If, after correcting the error, the amount of tax increases, then the revised tax return must be submitted without fail. In addition, the taxpayer will have to pay a penalty interest. In the event that the advance payment was paid in a larger amount than necessary, it is not necessary to submit an updated declaration, since the overpayment will be offset in the next reporting period.

Step 3

The minimum tax is payable if the total amount of the calculated tax for the tax period is less than the amount of the minimum tax.
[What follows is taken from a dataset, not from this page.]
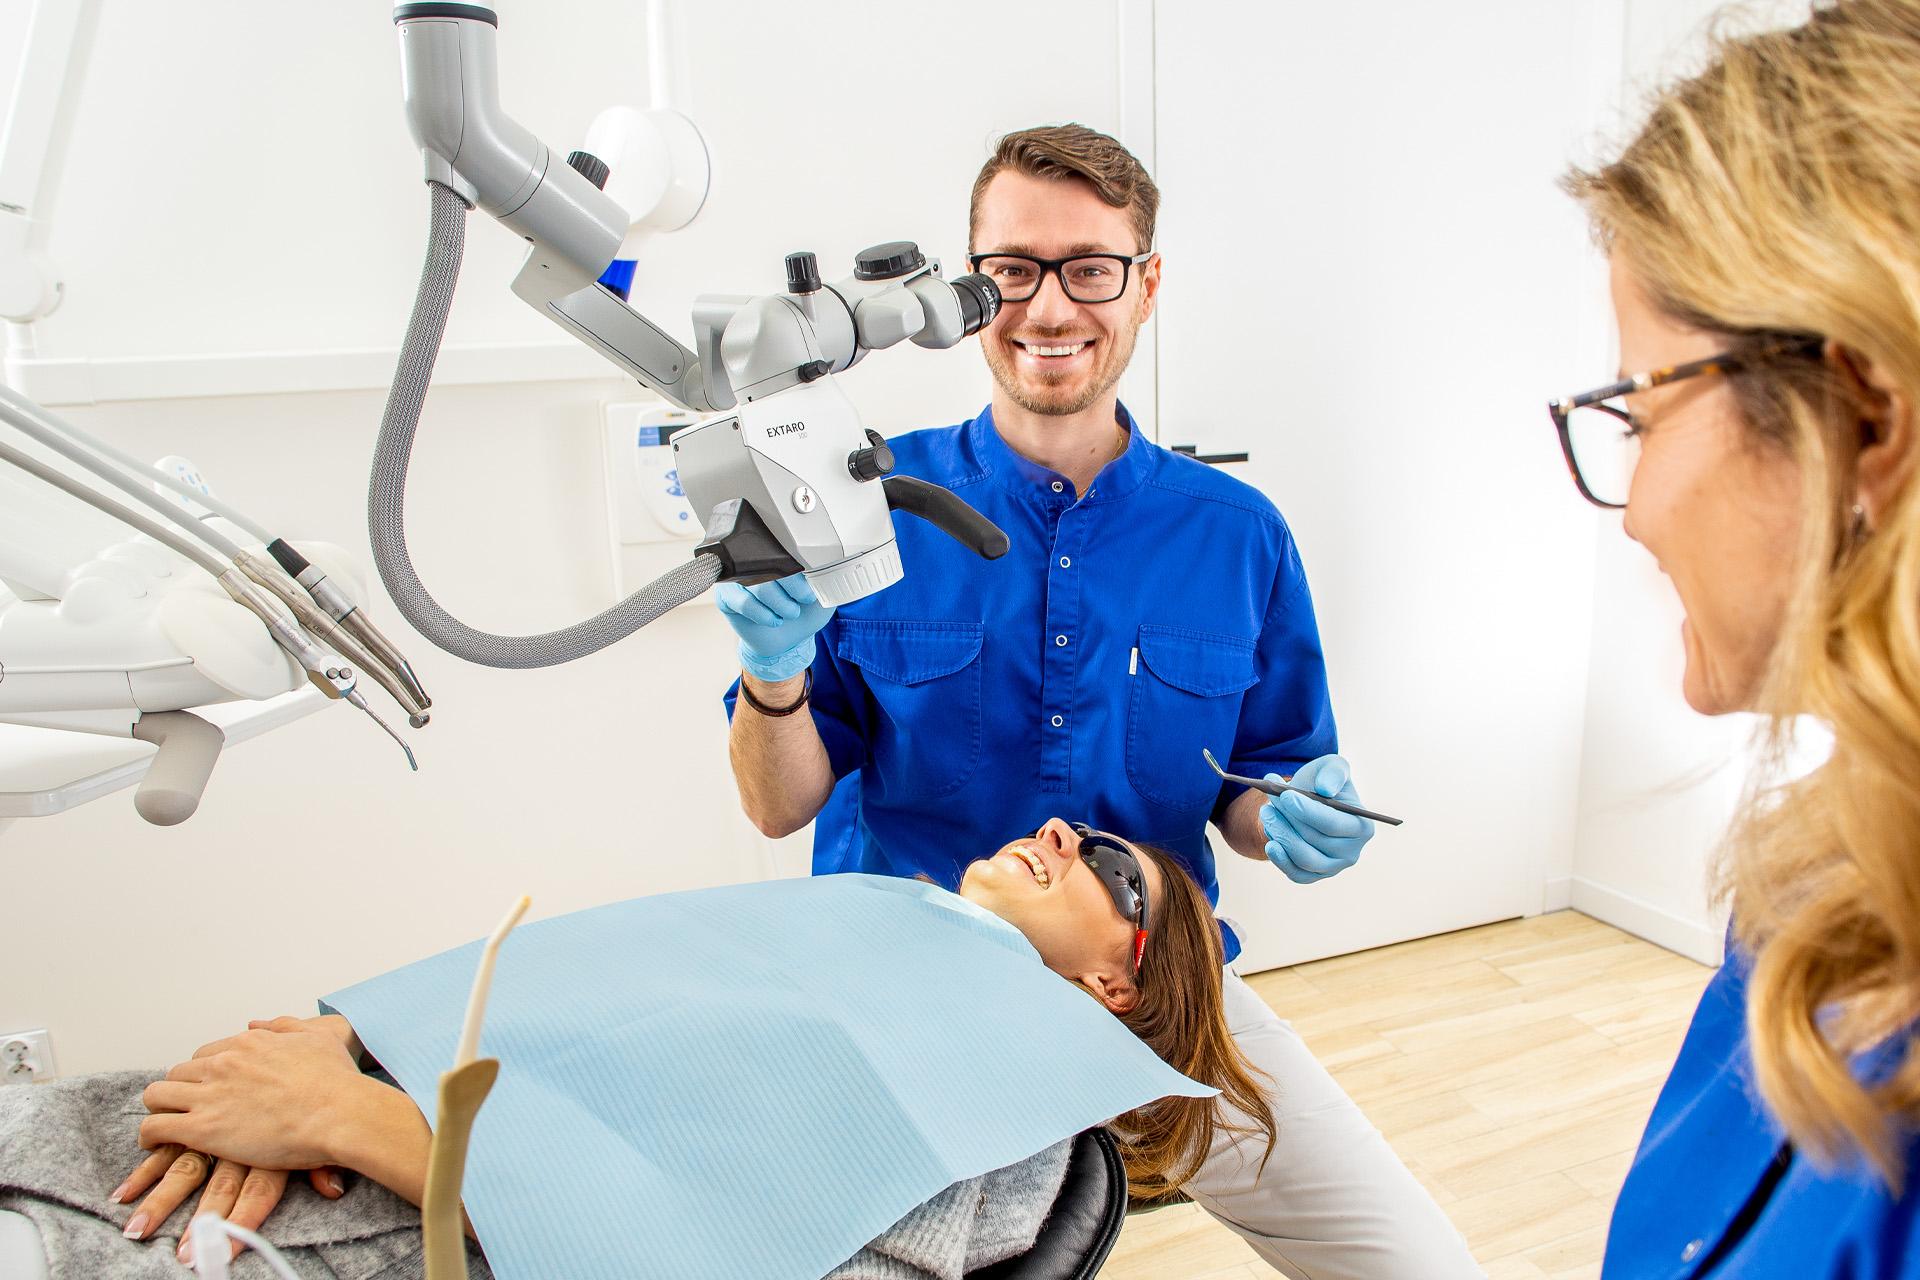 uśmiechnieci stomatolodzy przygotowują się do zabiegu

The amount of the minimum tax for the tax period is calculated at the rate of 1% of the tax base, which is determined in accordance with the Tax Code. To take into account the tax, you need to multiply the total amount of income that increase the tax base according to the Book of Accounting by 1%.

Step 4

Typically, the tax authorities are in no hurry to refund the overpaid advance payment, so the taxpayer must set off the overpaid amount towards the payment of a single tax in the next year, starting from the first quarter. In the annual declaration, the payment of advance payments must be indicated, otherwise the tax authorities may not return the overpaid amount.

Step 5

In addition, when calculating the tax base in the next period, the taxpayer may include in the expenses the difference between the paid minimum tax and the calculated single tax. The amount of overpaid tax is offset against future payments for the single tax only on the basis of a taxpayer's application.